The last link, “the list goes on” is broken.
matt, thanks–it should work now.
I have looked for many reasons justifying the USA lead in the arm’s business. I guess it started with our proven capability in response to the needs of WWII, where we clearly outproduced every country and supplied almost the entire allied effort, then continued following the war’s end and through the cold war in competition with a recovering Russia to impede their socialist empirialism that resulted in the Korean Police Action, as it was referred, that eventually led Dwight D. Eisenhower, at the end of his presidency, to warn us of the unfettered growth and influence of the Military Industrial Complex. That MIC continued growing its influence in their support of future presidents. Reagan, in particular, was almost entirely supported by the new big air “defence” industries in the West Coast that continued, with the old established naval “defence” industies of the East Coast, to engage local communities throughout the country to become dependant on supplying labor, materials and parts to their major industrial operations. Even now, after the threat of socialist empirialism has been long gone, with President Reagan’s call to tear down the Berlin Wall, the Military Industial Complex is nurtured with developing bigger and more sophisticated weaponry, much of which becomes obsolete before ever being used. And with this nurturing came the corrupting innefficiencies of massively top-heavy corporations that were sustainably assured of their relative positions among their few competitors to obtain new and continuing projects. On the basis of constitutionally mandated national defence, they distorted that “defence” to be applied to defending our, (meaning USA,) interests abroad, to result in defending the business interests of a very few influential businessmen, nay profiteers, who positioned themselves to capitalize on existing or initiated conflicts in various foreign countries. This distortion continued to such an extent as to be neglecting the maintenance of our own resources and the maintenance and renovation of our infrastucture at home.

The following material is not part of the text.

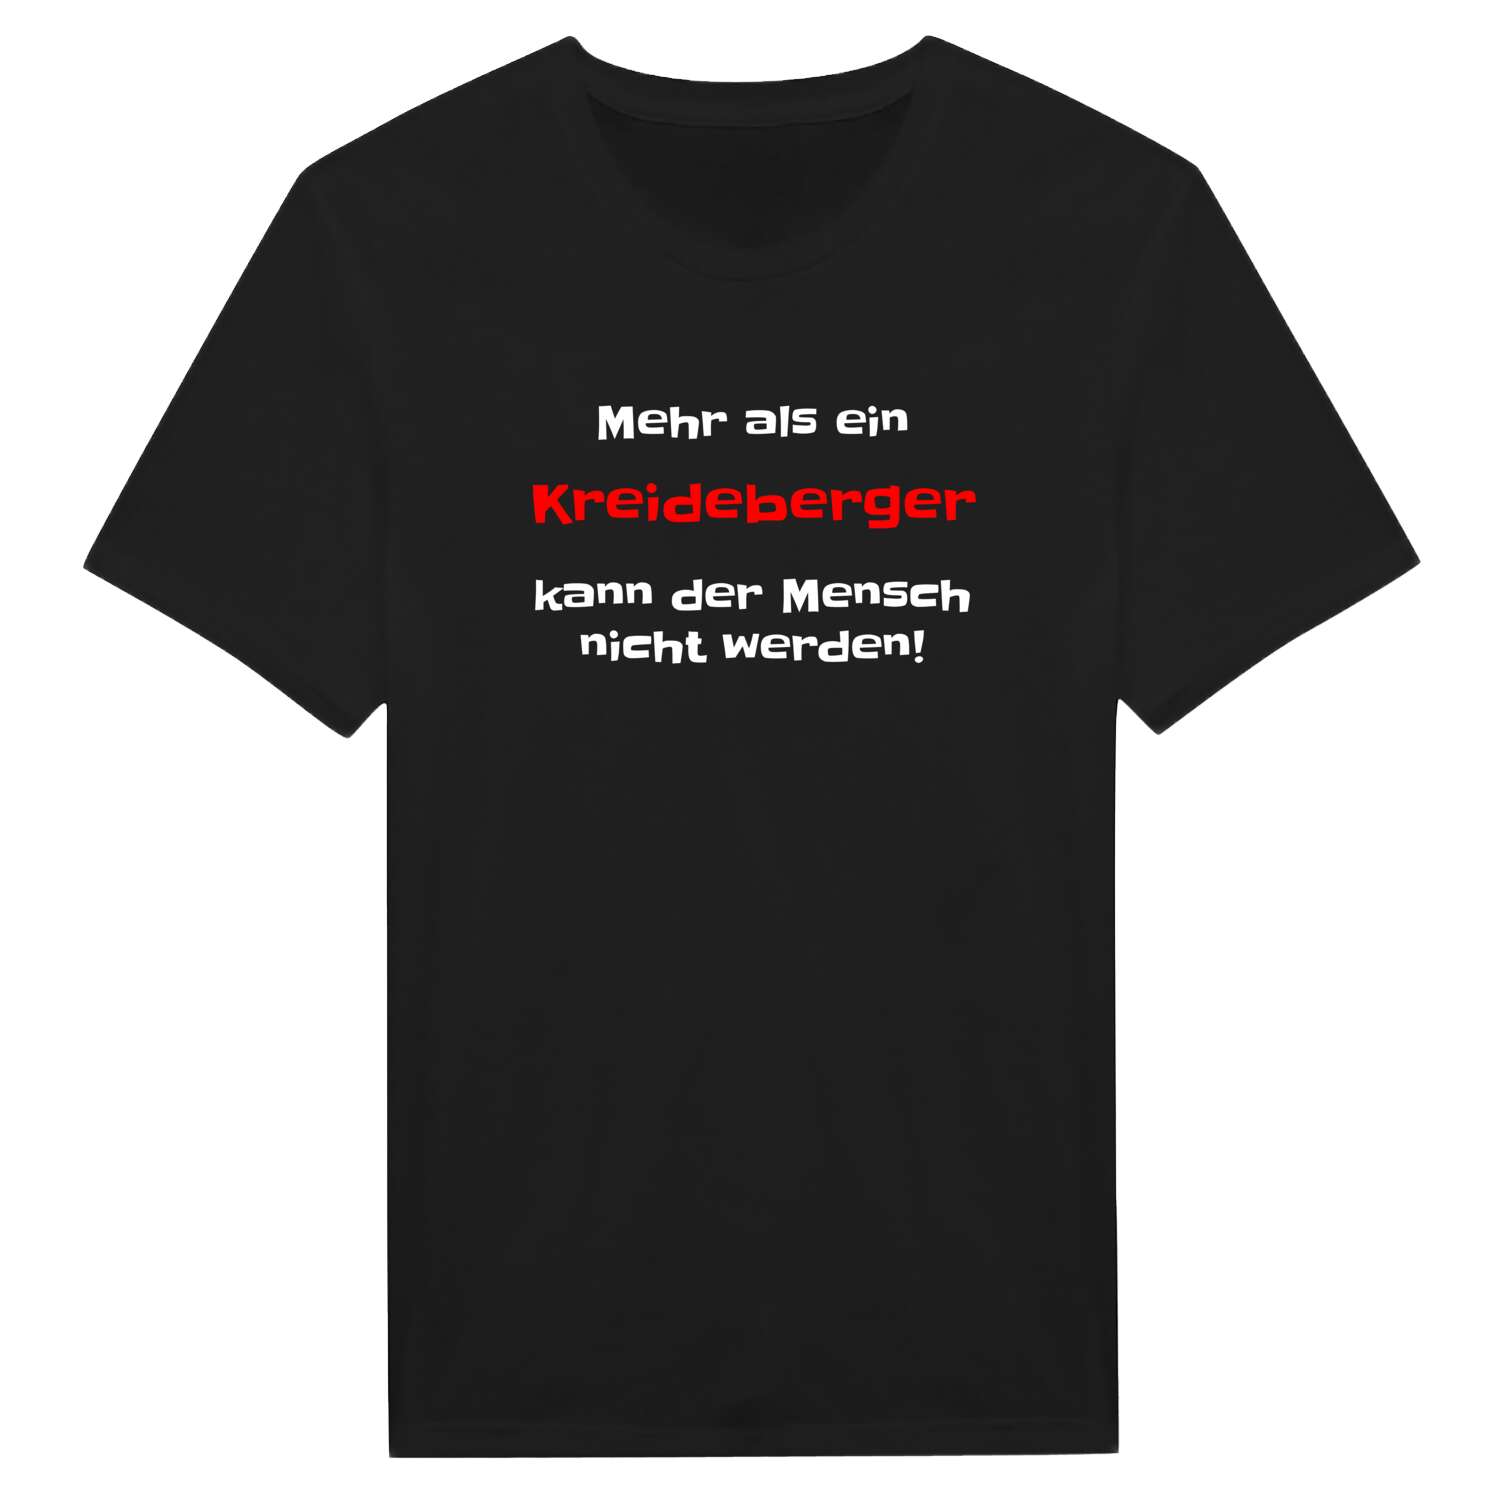 Kreideberg T-Shirt »Mehr als ein«

It remains way past time that we take the Military Industrial Complex and make it work for US, the Amercan people at home. Converting the industrial know how and management skills to restoring, renovating and retrofitting our existing structures, while applying that military focused innovation capability to the problems of efficiency associated with less polluting renewable energy, an innovation that our concentration on military development has made us fall behind many of the developed countries of the planet, even now including developing countries India and China.
Each of the small community MIC works throughout our country can be converted to local and regional infrastructure projects. All it takes is the recognition that the business interests of each community can now be directed back to US the Americans and not to the few profiteers who we have allowed to continue their private interest at the expense of the lives of our troops, our treasury and our public interest, which remains to continue the United States of America as the example of freedom in the pursuit of opportunity for all.

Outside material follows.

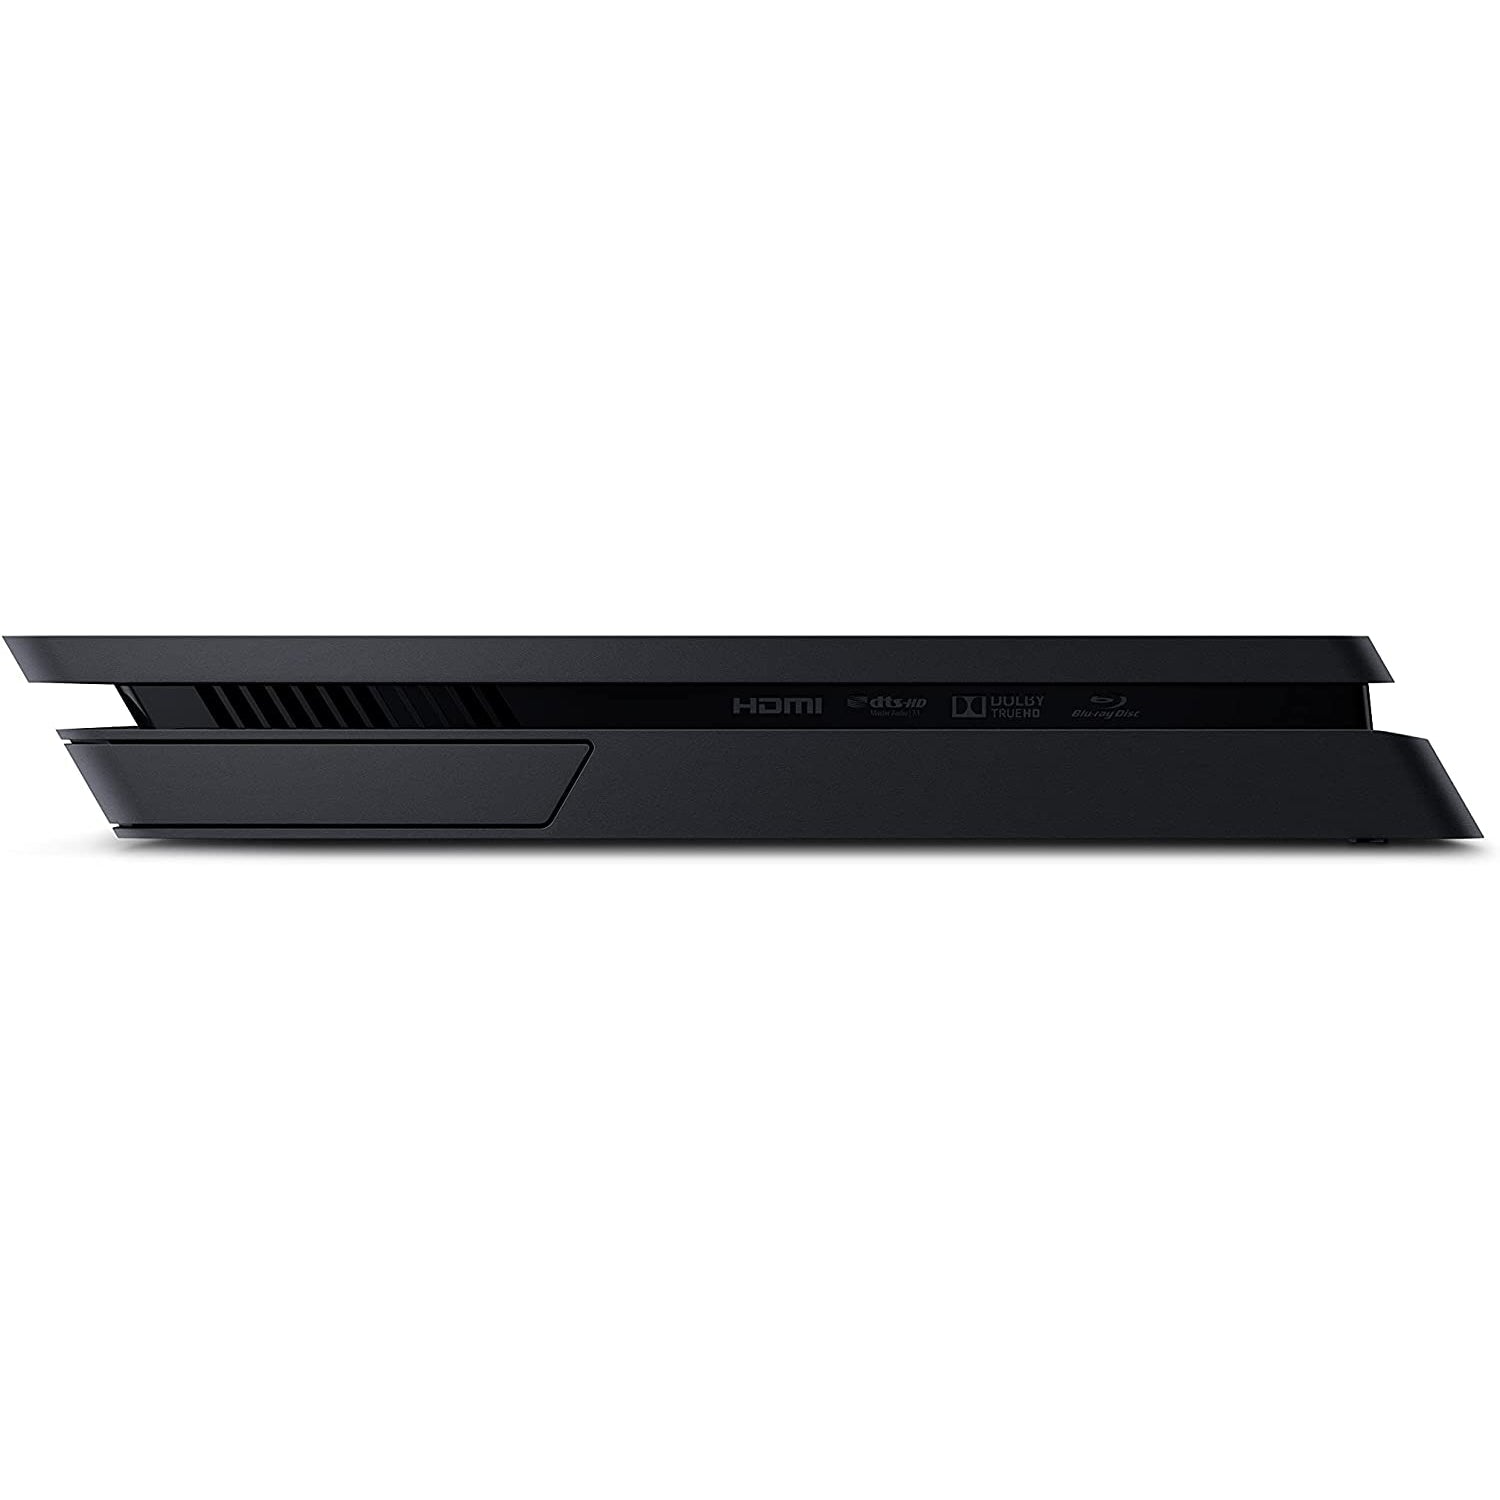 Sony PlayStation 4 Slim Console 1TB - Black - Refurbished Good

Did anyone mention Israel as the leading US arms recipient? Or is it Saudi Arabia?
Does it even matter, when there is no nation currently residing on planet Earth that does not either buy or sell weapons, which in turn are used to commit murders and attempt racial cleaning and/or genocide?
We humans have really come to a pretty basakwards sense of what makes for global peace, haven’t we …
I picture a caveman cold and hungry. Then the opening scene in the film “2001”. Then back to the caveman jealously eye-balling the fire and food next door, while his cranial wheels begin to turn. Ominously selfish.
I learned long ago that the US reliance on the MIC has rendered much of your electronics industry uncompetitive. These companies that have become so dependant on Pentagon no-bid contracts have never learned to control their costs, mainly because they didn’t have to, and so found that they could not compete with their Japanese and European competitors. Essentially, I found that many of these companies had developed the same kind of business culture one would has expected in the old Soviet Union.